» **WHAT THE TASK REQUIRES**
Take the data below and write it out exactly, except for the pictures.

» **RAW DATA**
==============================

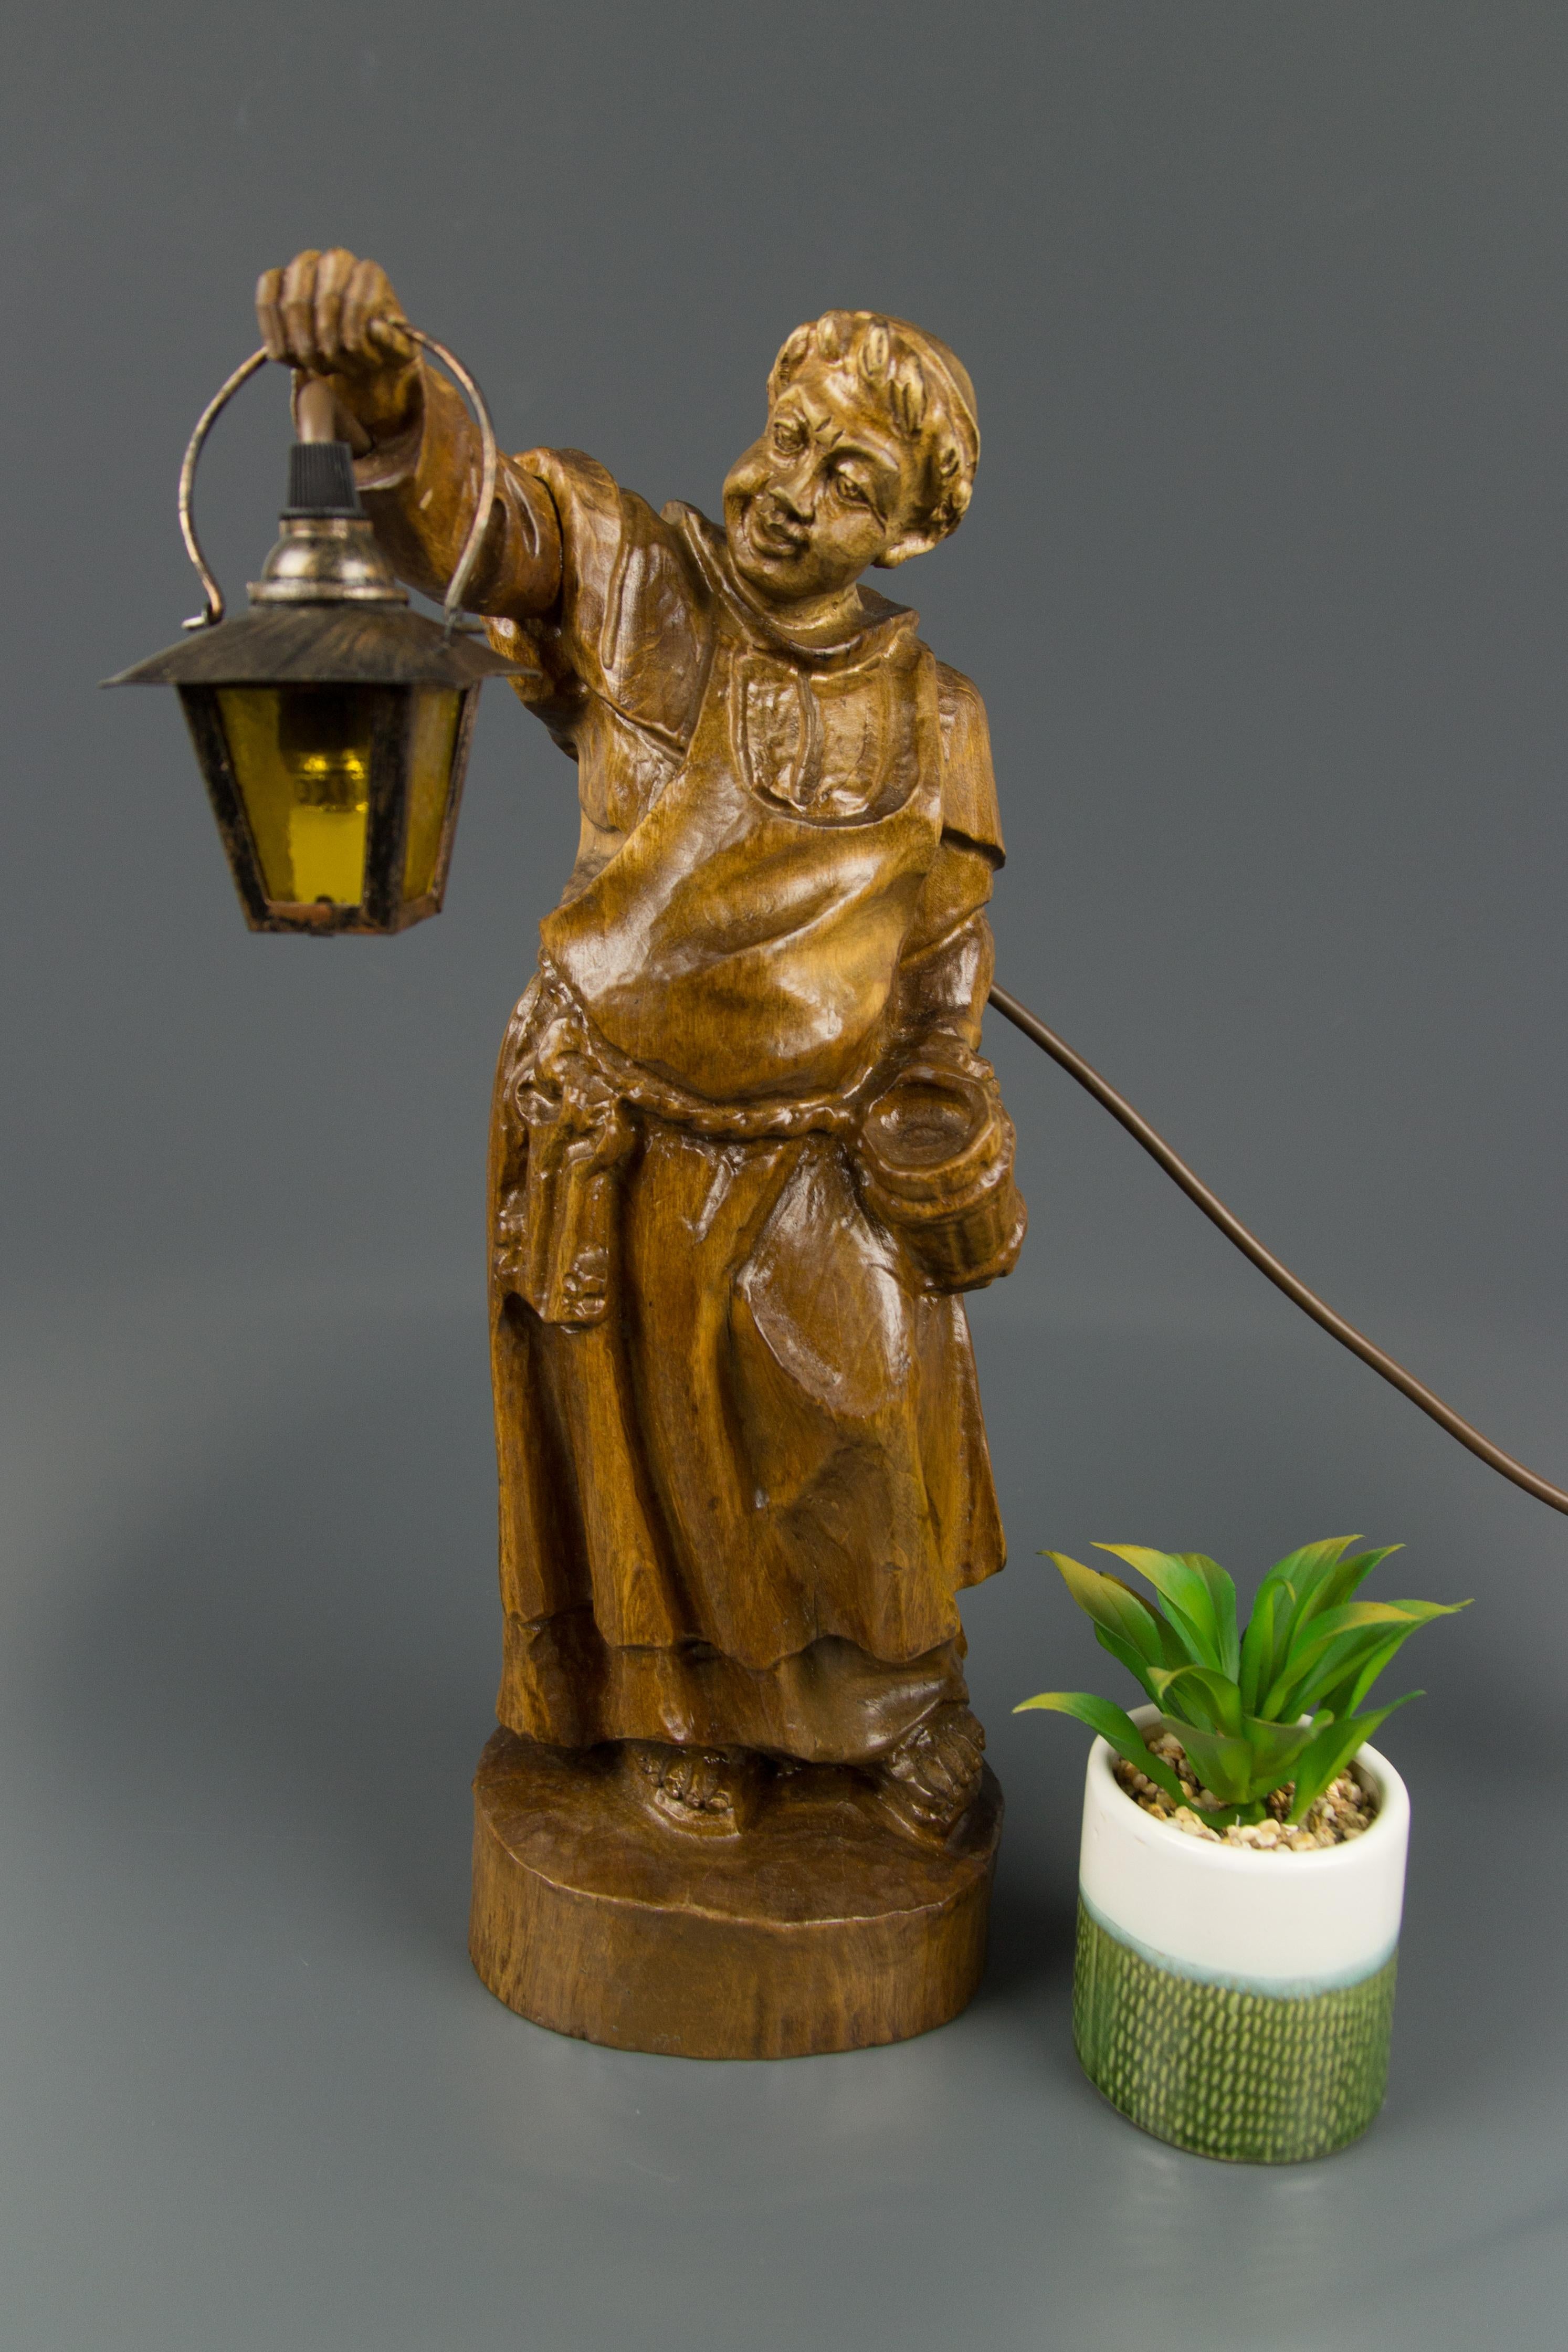 German Hand Carved Wooden Sculpture Figurative Lamp Monk with Lantern 2
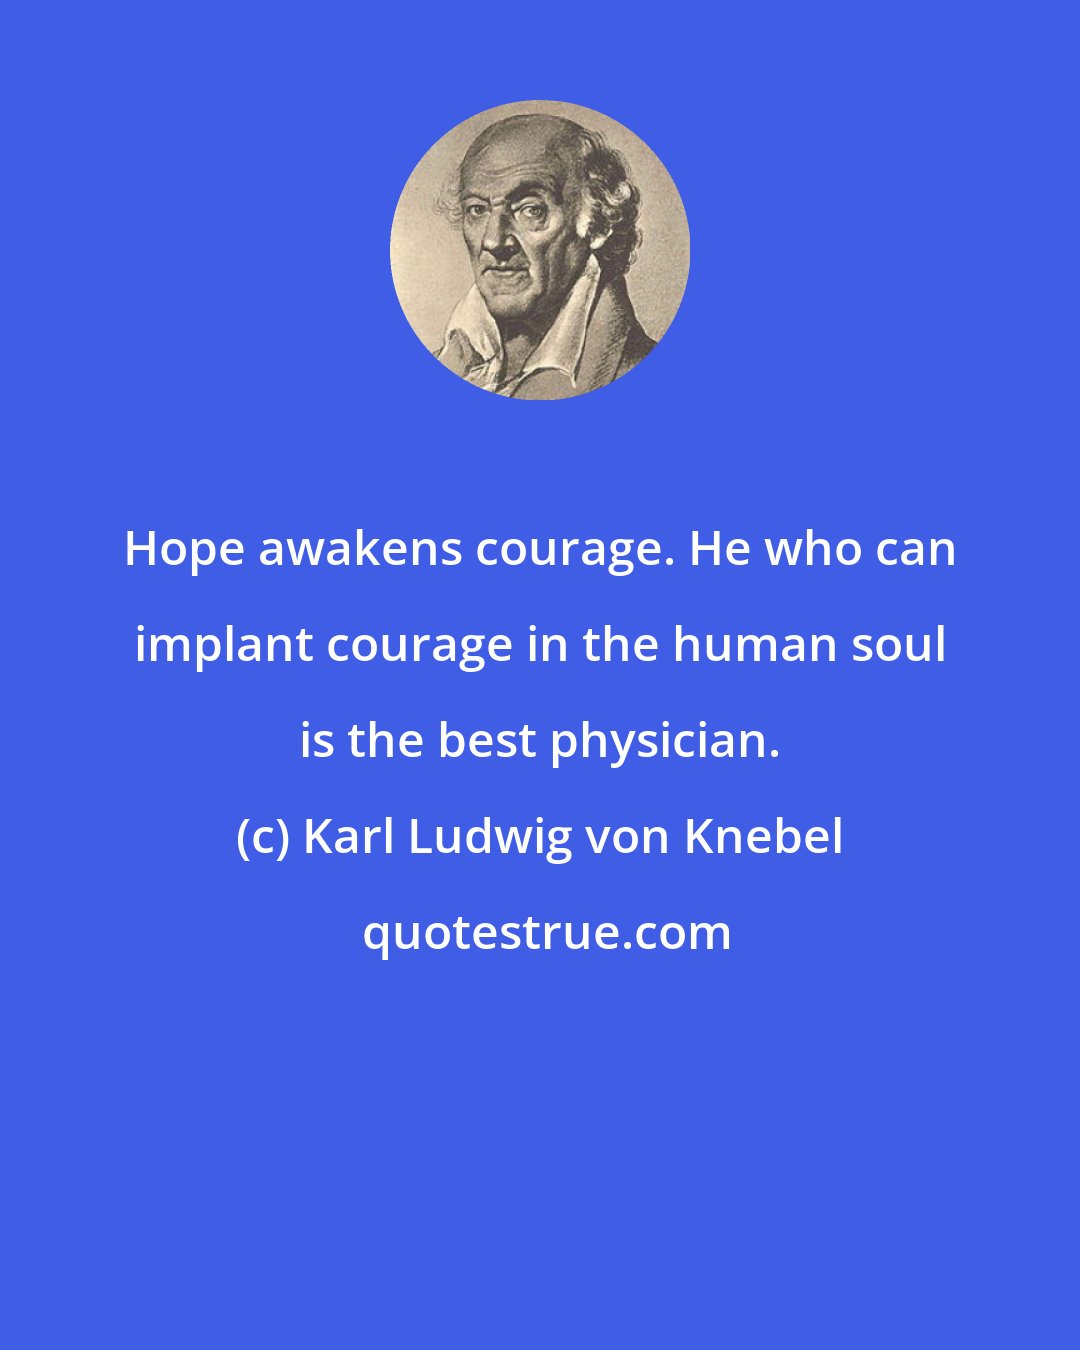 Karl Ludwig von Knebel: Hope awakens courage. He who can implant courage in the human soul is the best physician.
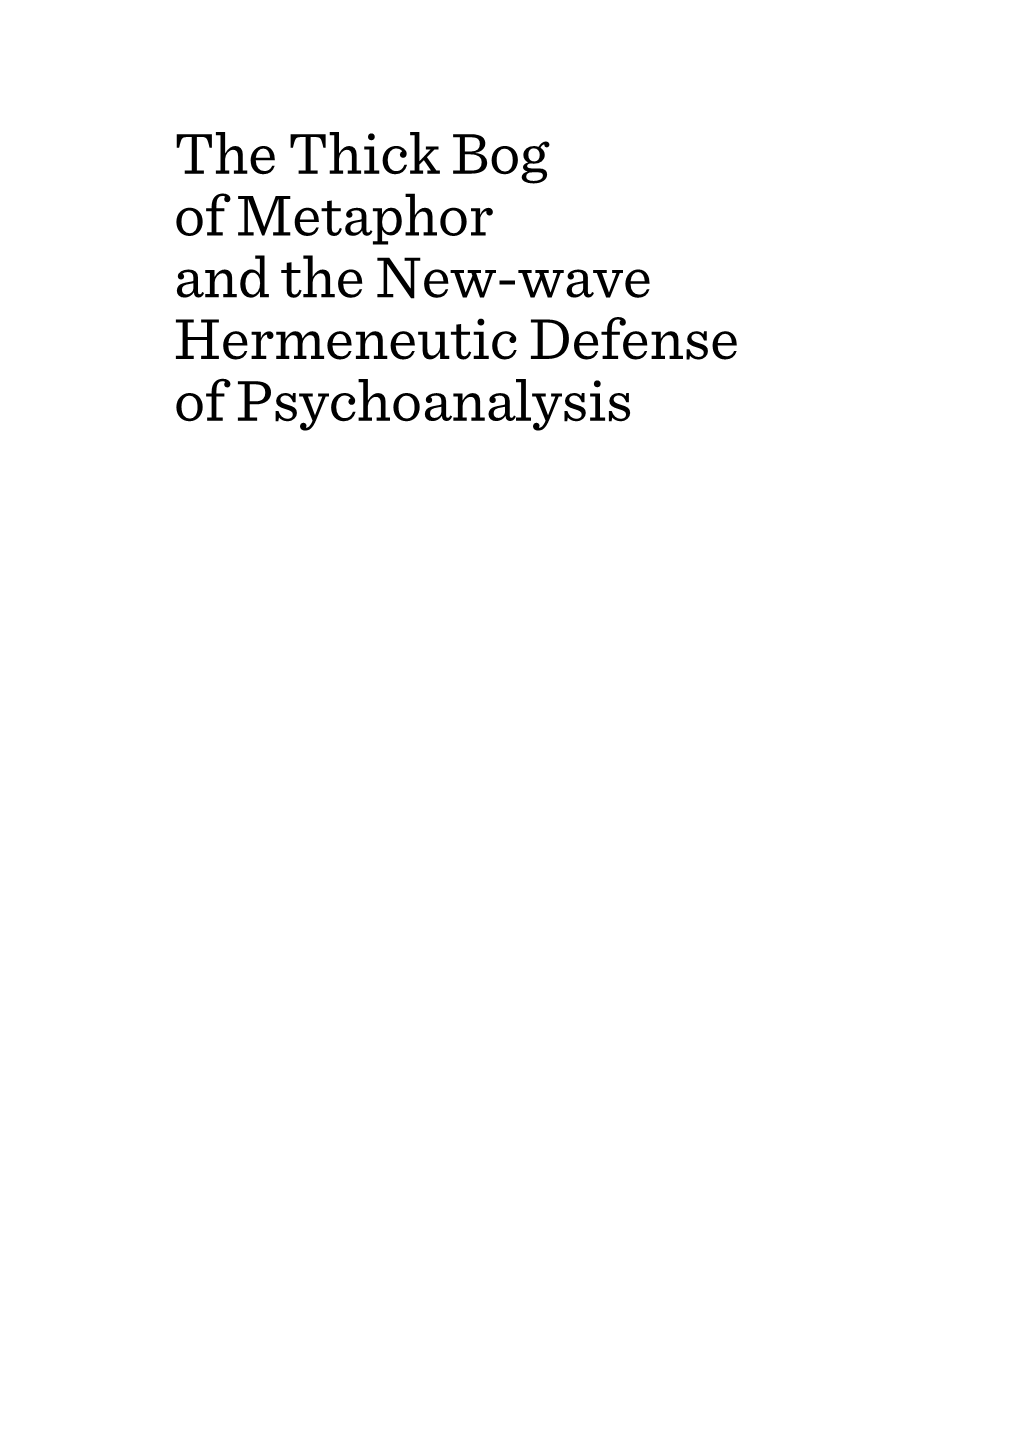 The Thick Bog of Metaphor and the New-Wave Hermeneutic Defense of Psychoanalysis
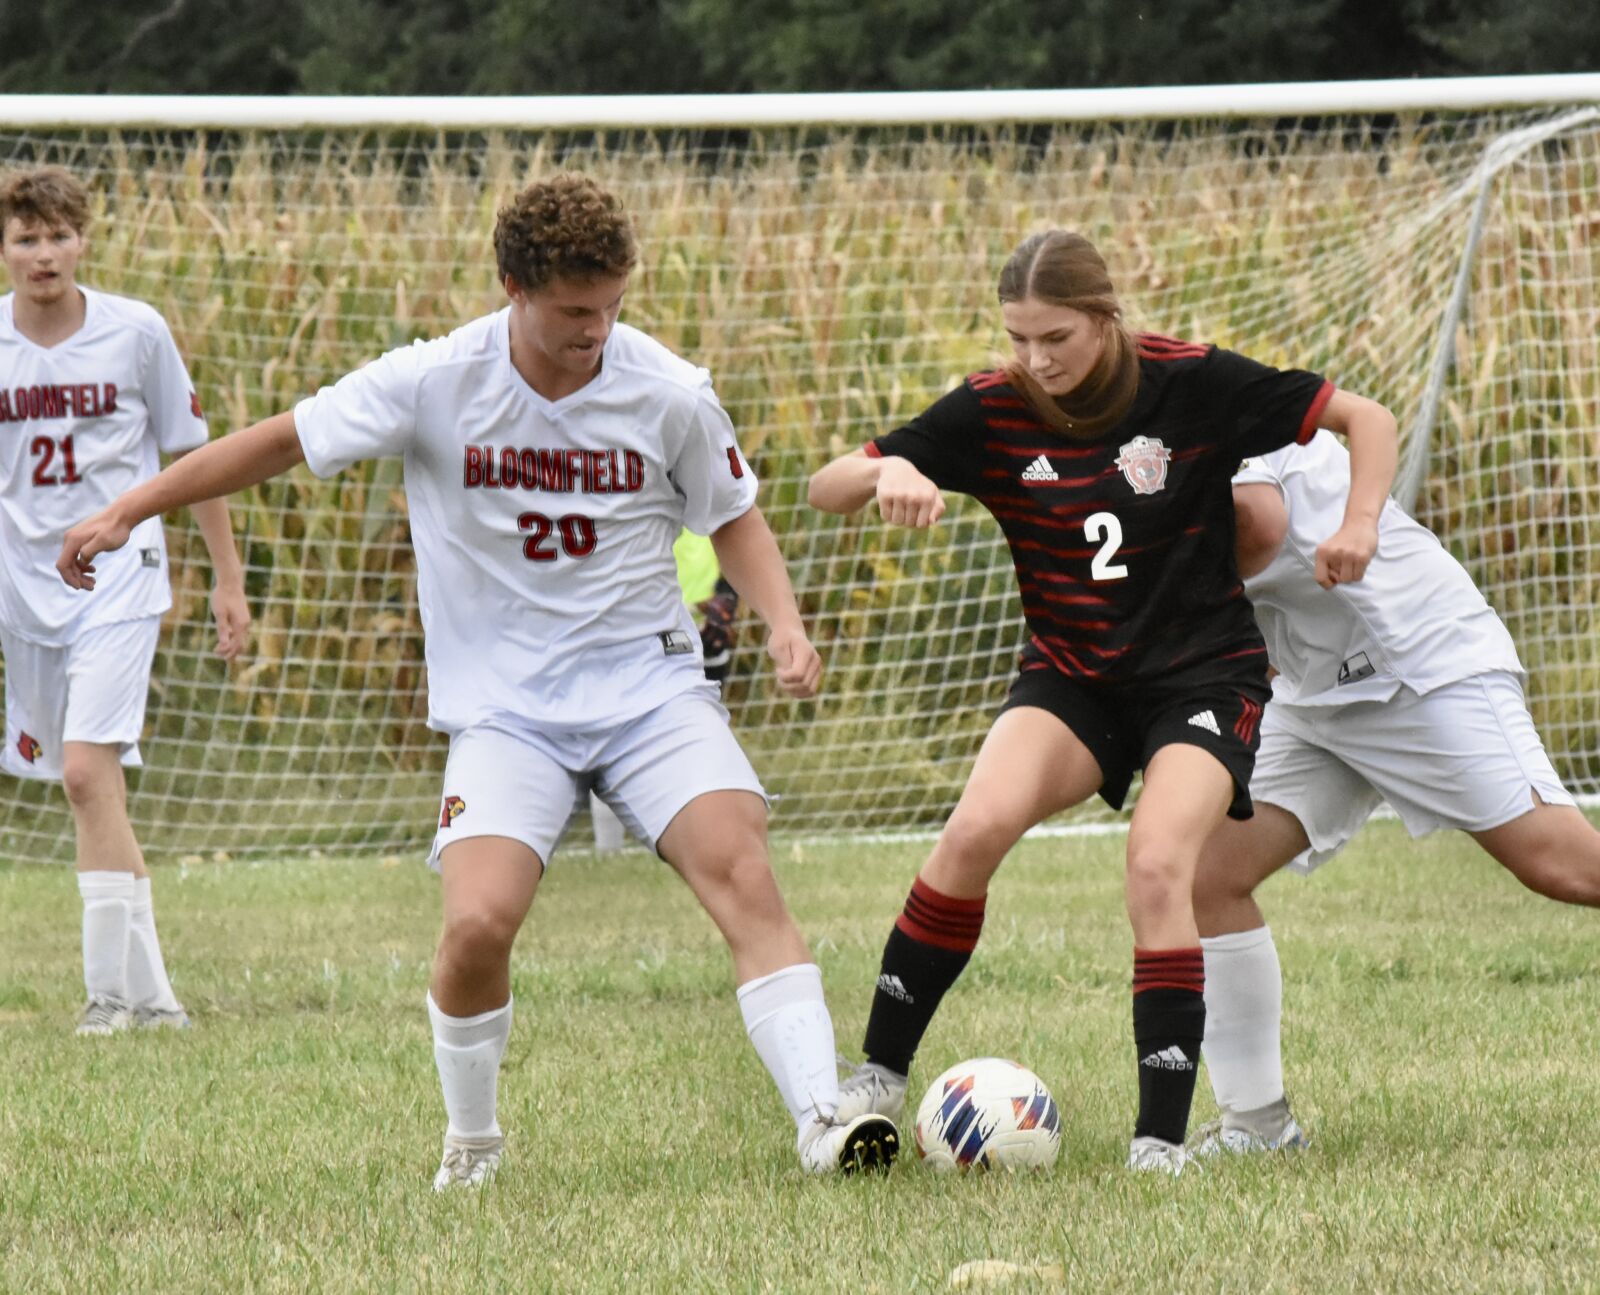 Barr-Reeve Vikings Triumph Over Bloomfield in Class A Soccer Match

==============================

» **EXPECTED ANSWER**
 German Hand Carved Wooden Sculpture Figurative Lamp Monk with Lantern 2
 Karl Ludwig von Knebel: Hope awakens courage. He who can implant courage in the human soul is the best physician.
 The Thick Bog of Metaphor and the New-Wave Hermeneutic Defense of Psychoanalysis
 Barr-Reeve Vikings Triumph Over Bloomfield in Class A Soccer Match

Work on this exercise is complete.